Manufactured Homes

I was told to repost this here.

I'd like to start an open thread about manufactured homes.

If you have a house built for you in the USA, chances are it will be built by 1 white contractor + 20 Mexican day laborers. You hear horror stories about contractors finding beams nailed together with 15 nails, all bent and hammered down. Improper construction. Improper connections. All that.

So what's the alternative? I say the alternative is the manufactured home. The manufactured home has allowed the everyman to own his own sturdy dependable house since the 1950's. Modern manufactured homes are built to the same standards as regular homes, and are often even stronger.

Furthermore, the same house gets built dozens of times and any problems are ironed out and you end up with a very dependable structure.

>But manufactured homes have low resale value.

Yes, the same way manufactured Moissanite is far cheaper than Diamond, despite being almost as hard and having even greater fire, luster, and brilliance, all without involving african slave labor. If people want to spend more for Mexican built houses that probably won't last, that's their problem. I'll accept that manufactured homes have lower resale value but the benefits outweigh this.

Do any of you have experience with modern manufactured homes, either vintage or modern?

Should manufactured homes have the stigma attached to them that they do?

Are manufactured homes the key to moving out of mom & dads basement?

Wages in the USA have been stagnant since the 1970's. If people aren't making more money, then major necessities like housing need to become cheaper. The manufactured house can help address this.

Living in a glorified trailer puts a ceiling on the price no matter how nice it is.

>>Being so far past the point of shilling shitcoins...you start shilling your shitcompany.

Dear God....

I just couldn't bring myself to live in a McHouse.

Modern manufactured homes aren't trucked in as one or more trailers then stitched together.

Modern manufactured homes are built as sub assemblies, trucked to their destination, then assembled. You can build any size house this way. Multiple stories, garages, everything.

Manufactured home doesn't equal trailer anymore.

They sound great. Why not right. Would obviously need to customise a little so they didn't feel too plastic, but for a base... As long as they are saving me a huge chunk of cash I would go for it

Mexicans are modern day Amish i use to pump foundations and they take pride in building mcmansions

How fast and how much does it lose value over time? Ive seen prices from 30k to 80k. A lot cheaper then 200k for a house.
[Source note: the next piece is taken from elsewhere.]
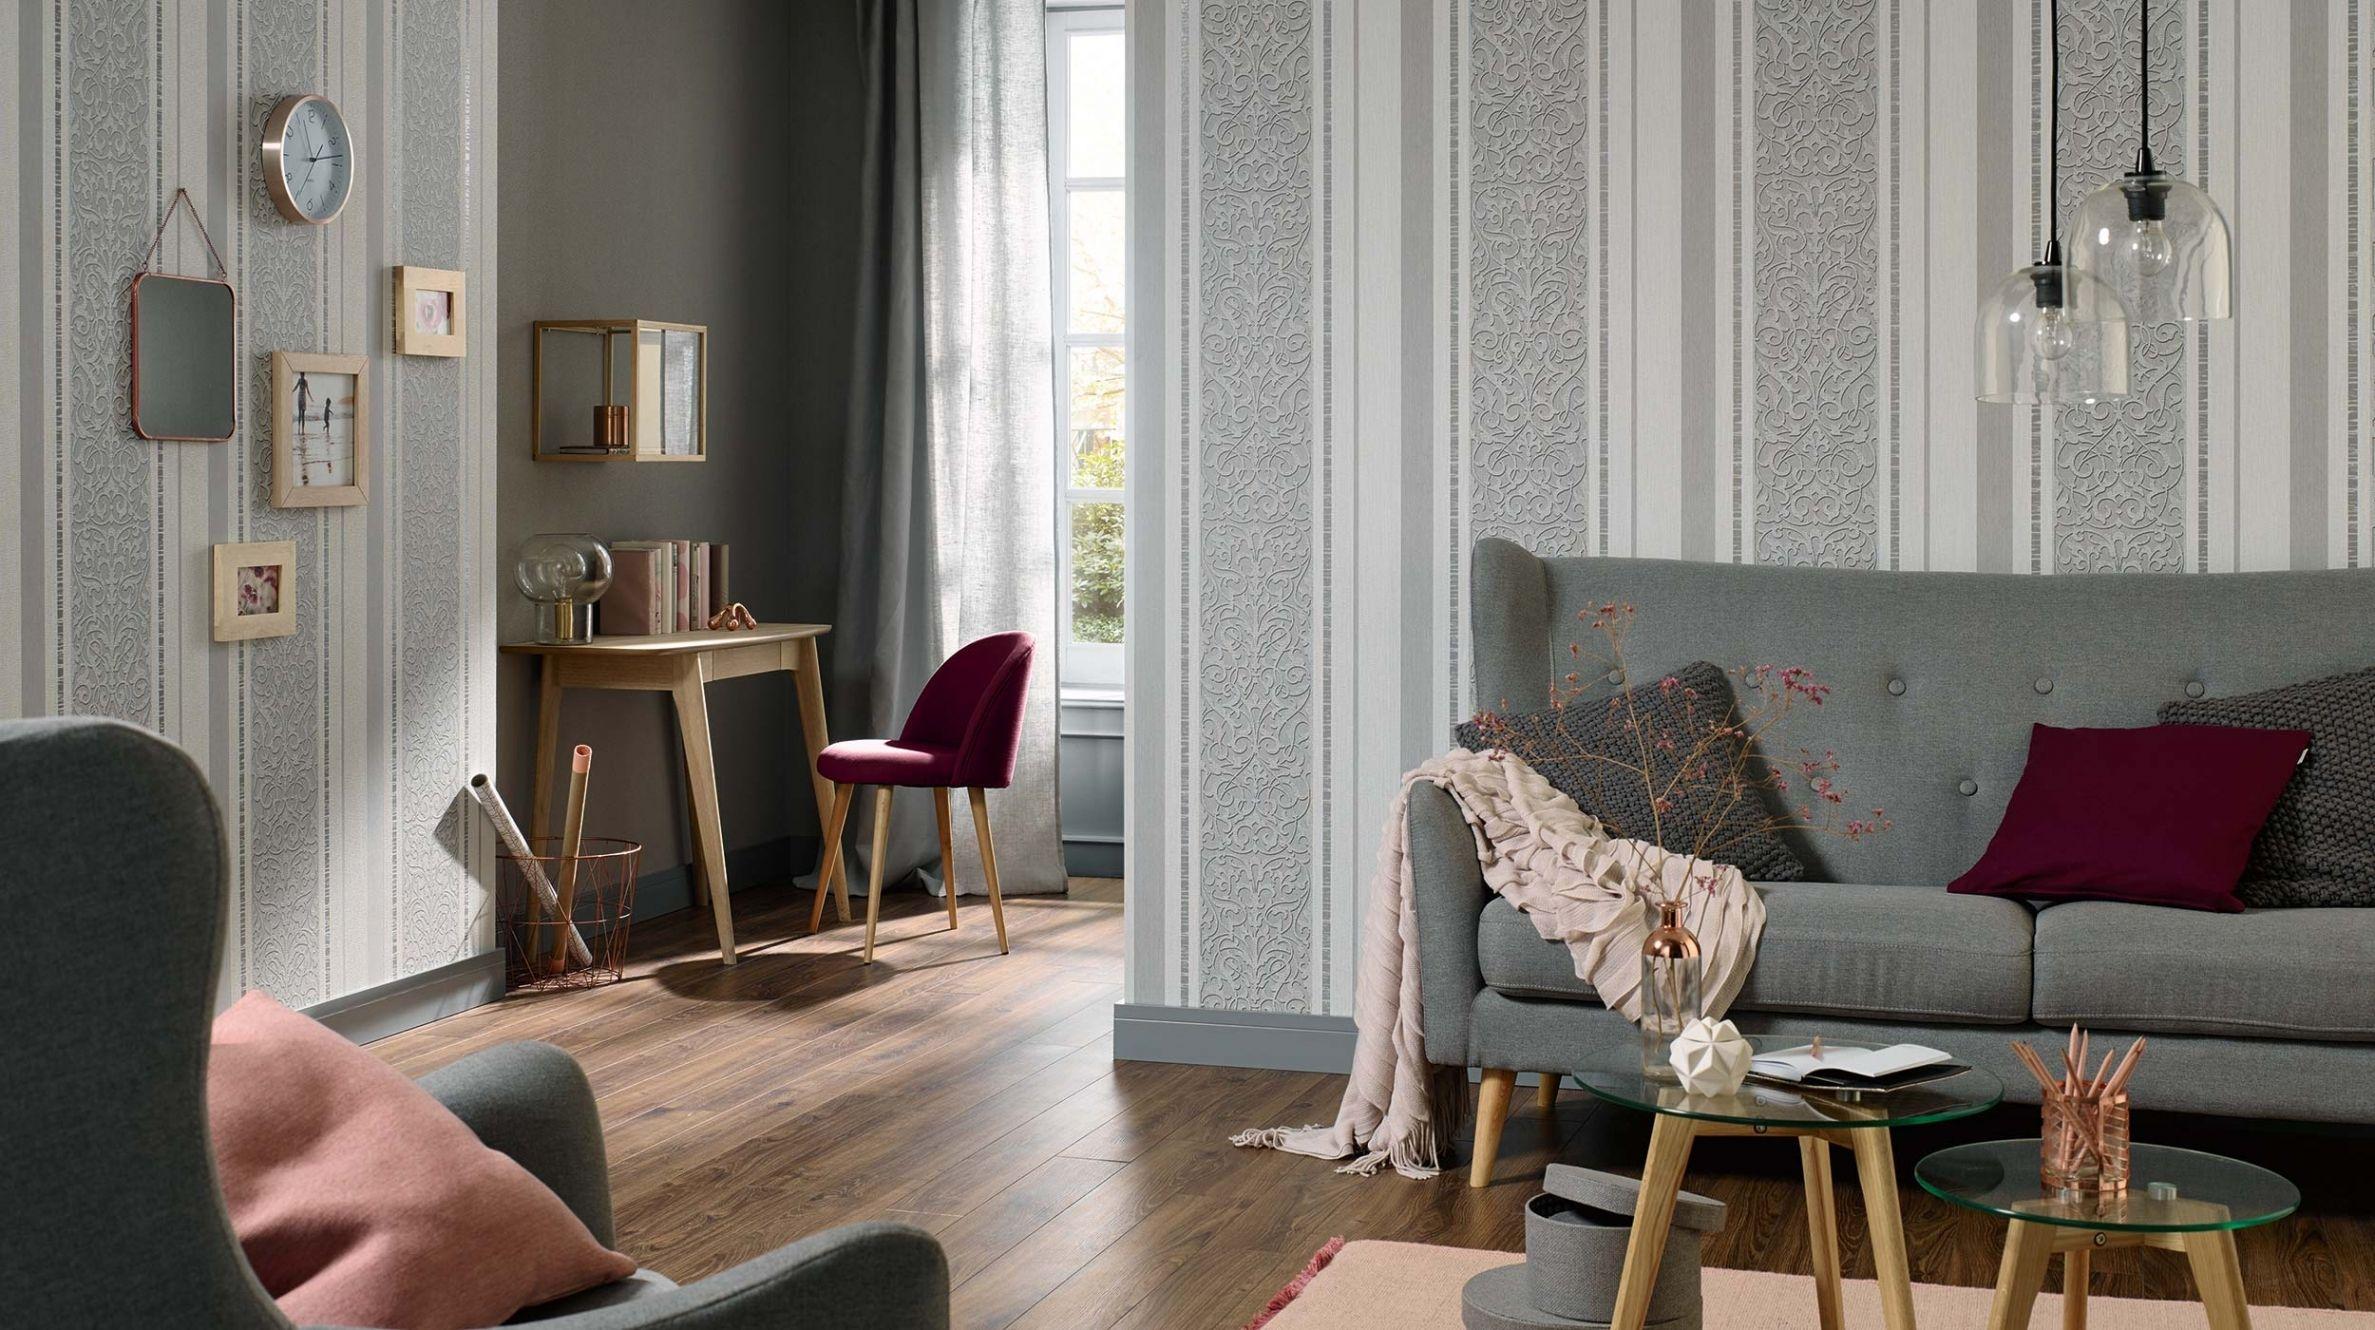 Wohnzimmer2018  Stilvoll Wohnzimmer 2018 | Wohnzimmer ideen | Pinterest

They are a nice alternative to traditional homes, especailly, in my opinion, for newer homeowners. But as you mentioned the low resale value is an instant turnoff to any serious buyer. All homeowners wish for a healthy return on their investment into their property and as of this moment, it's just not there.

I like them, though.

Your pic looks like a glorified trailer to me.

White Trash housing.

Manufactured homes depreciate far more quickly than site built homes and the people that buy them destroy them. After 1 or 2 years they get a "trailer smell" which only builds with time. Sure they are precision built and assembled by reliable machines but the materials themselves are typically substandard (low grade flooring, wall paneling, countertops, cabinetry and limited insulation.) Building a solid and attractive home is both a science and an art. Manufactured homes have a stigma for a reason. They are inferior to typical site built homes

My goal is to buy a few acres of land.
Ideally Id love to be able to build my own house.

Manufactured homes are trailers, there will never be a demand above lower-middle class.

Property investor here.

There's 3 problems with these homes.

>builders will try to charge you as much to assemble them as build them, as they still require footing, sewage and services to be installed and certified by licensed trades. So any initial savings are countered by quick depreciation.

>statutory planning authorities hate them and make the permit application a nightmare deliberately.

>to repair and maintain these is expensive and requires a specialist. Even if you can find someone to say wel the roof back down cheaply and sensibly you instantly void your warranty.

These cunts of things are only good for two uses. In dirty rat shit poor areas that niggers will rent your house to fuck in or as beach shacks miles from nowhere.

Further to this this homes usually have shithouse energy ratings and your bill will be double or triple a well built homes bills.

Whats best bang for buck and cheap for living on an acre of land?

How hard is it to build your own house?

If you want something that lasts build with a rebar reinforced concrete frame.

This.

Cement and steel is indestructible and fireproof.

Prefab homes are nasty pieces of shit that come apart in storms and dismember your neighbours kids and pets

living in brand new reinforced concrete downtown apartment buildings are where it's at. nothing more solid, noiseproof. i'm talking less then 5 years old, and at least 25 floors.

I moved to the Pacific Northwest. All the house here are built out of MDF. Every house has creaky floors and god forbid you live in an apartment you hear ever footstep off your upstairs neighbors followed by loud squeaks.
They tell me that is because of earthquakes. It's literal shit housing even compared to places like the Phillipines or Thailand.

Moved from an area that has at worse Cinder Block and rebar.

I like it. Thanks man, I'm stealing this idea.